“West Texas Miracle” Producing Future Latino Leaders

There is a Catholic high school for boys from the borderland that has produced wave upon wave of scholars, entrepreneurs, and leaders for the last nine decades.  Cathedral High School’s legacy of civic involvement has enhanced our unique transnational region as well as communities across the United States. The reason for the school’s success across these many years, according to WFAA TV Dallas/Fort Worth, is based on the longstanding tradition of emphasizing the development each young man’s character throughout their academic journey.

Just blocks from downtown El Paso, on the corner of Stanton and River, stands a unique La Sallian institution renown for annually producing El Paso’s vanguard of young gentlemen. When WFAA TV aired an extended story about the “West Texas Miracle” that Cathedral High School represents to both sides of the U.S./Mexico border, it discerned that male mentors who also graduated from Cathedral have made a tremendous impact on students by providing a model of community-oriented leadership through their service as alumni instructors.

According to Brother Nick Gonzalez ’80, Cathedral’s principal, “It’s great if kids get into some awesome colleges —  and they do —  but it’s the kind of men they are 25 years out, 20 years out that matters most.”

As a visiting lecturer at Cathedral, my beloved alma mater, I have been engaging the class of 2012 as a fellow alumni for the last six months.
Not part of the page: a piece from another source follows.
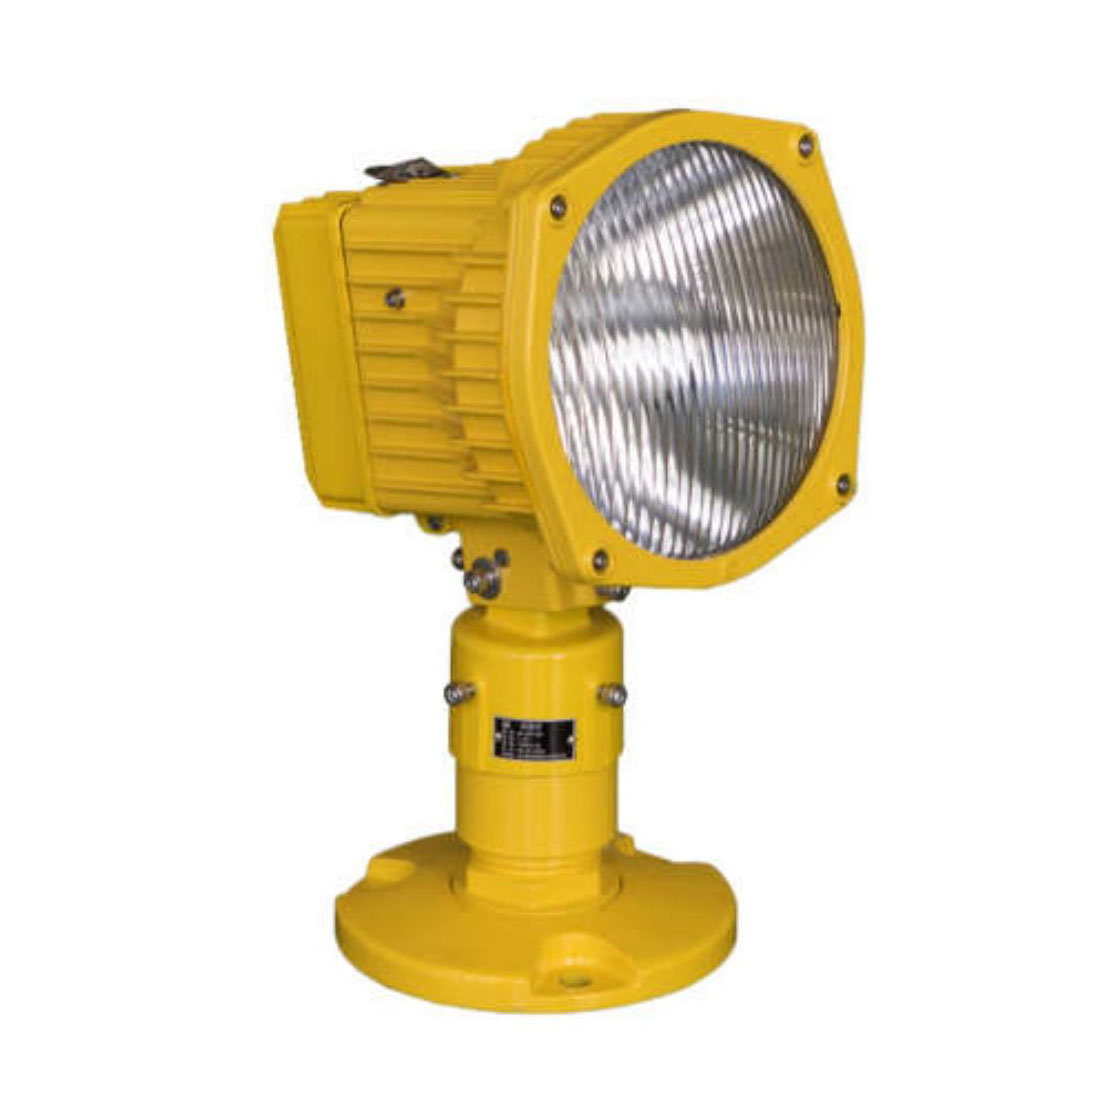 JCL220 LED Elevated Runway Threshold Light

Although I am a relatively young alumnus with only a few silver streaks in my beard, I was graduating from high school when my students were learning how to talk. Nowadays, I spend my mornings endeavoring to improve their communication skills and bolster their leadership training in anticipation of the rigorous postsecondary learning environments they will encounter in the upcoming fall semester and beyond as future graduate students.
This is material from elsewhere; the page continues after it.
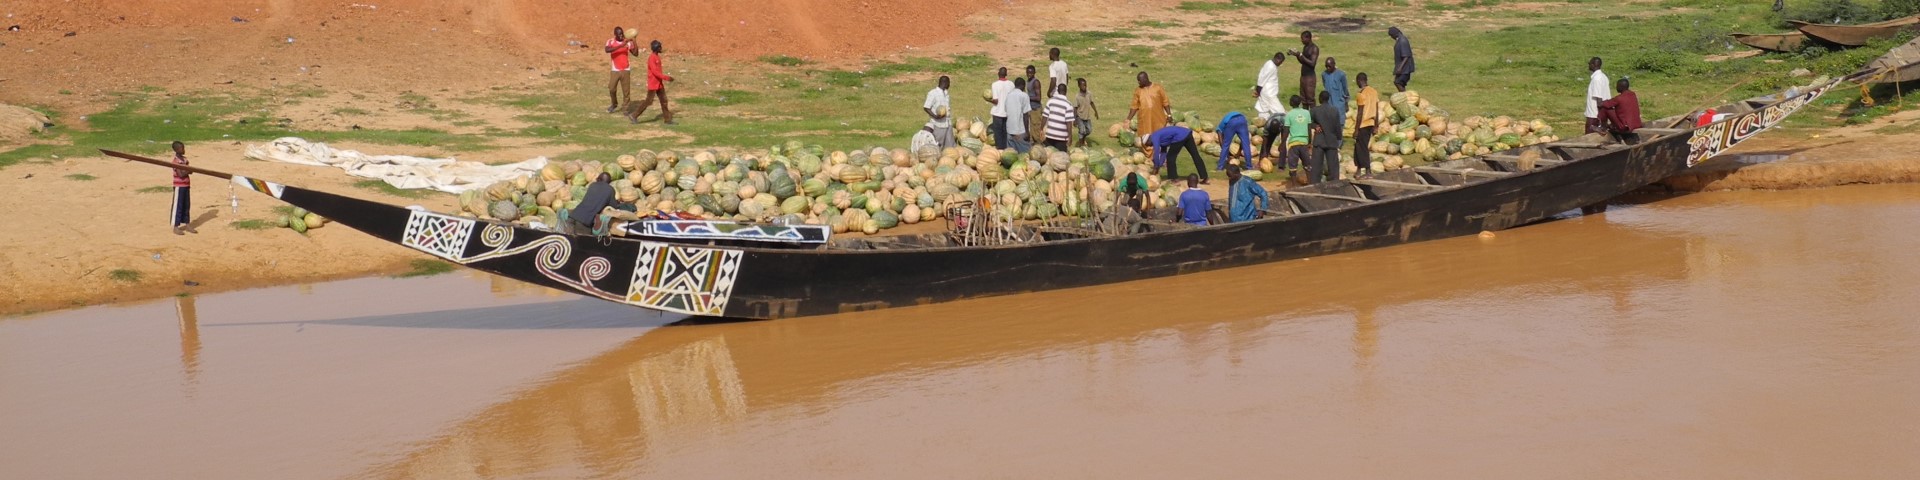 People unload a wooden ship with pumpkins in Niger.

My steadfast belief that these graduates will continue our longstanding tradition of academic excellence by rapidly completing their degree programs, while maintaining their commitment to community-oriented initiatives, compels me to assert with confidence that they will populate our future leadership base. Based on the existing gender gap in education that has emerged across their generation of the U.S. Latino community, they will be competing for access to resources and strategic positioning with a disproportionately larger body of their female Latina counterparts in every future academic and professional domain.
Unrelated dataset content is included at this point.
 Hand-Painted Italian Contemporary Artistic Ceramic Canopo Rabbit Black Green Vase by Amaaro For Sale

In comparison to graduates from the latter decades of the 20th century, I am encouraged by their level of camaraderie, their respect for tradition, and their dedication to both academic excellence and civic involvement.  These new 21st century graduates exhibit advantages beyond those possessed by their predecessors due to their hybrid cultural capacities, as well as their preemptive accumulation of extensive social and symbolic capitals. These “men of faith in-training” from both the United States and Mexico are imbued with the agency to become a powerful body of future innovators, job creators, and elected officials who will reconfigure as well as redefine our economic landscape in a manner that improves the quality of life for residents across the borderlands.

The continued application of our longstanding traditions at Cathedral High School have revealed that what this body of students has required for success is dedicated mentors, and how these future alumni will secure the success of our unique border region will be through their service as future mentors and leaders.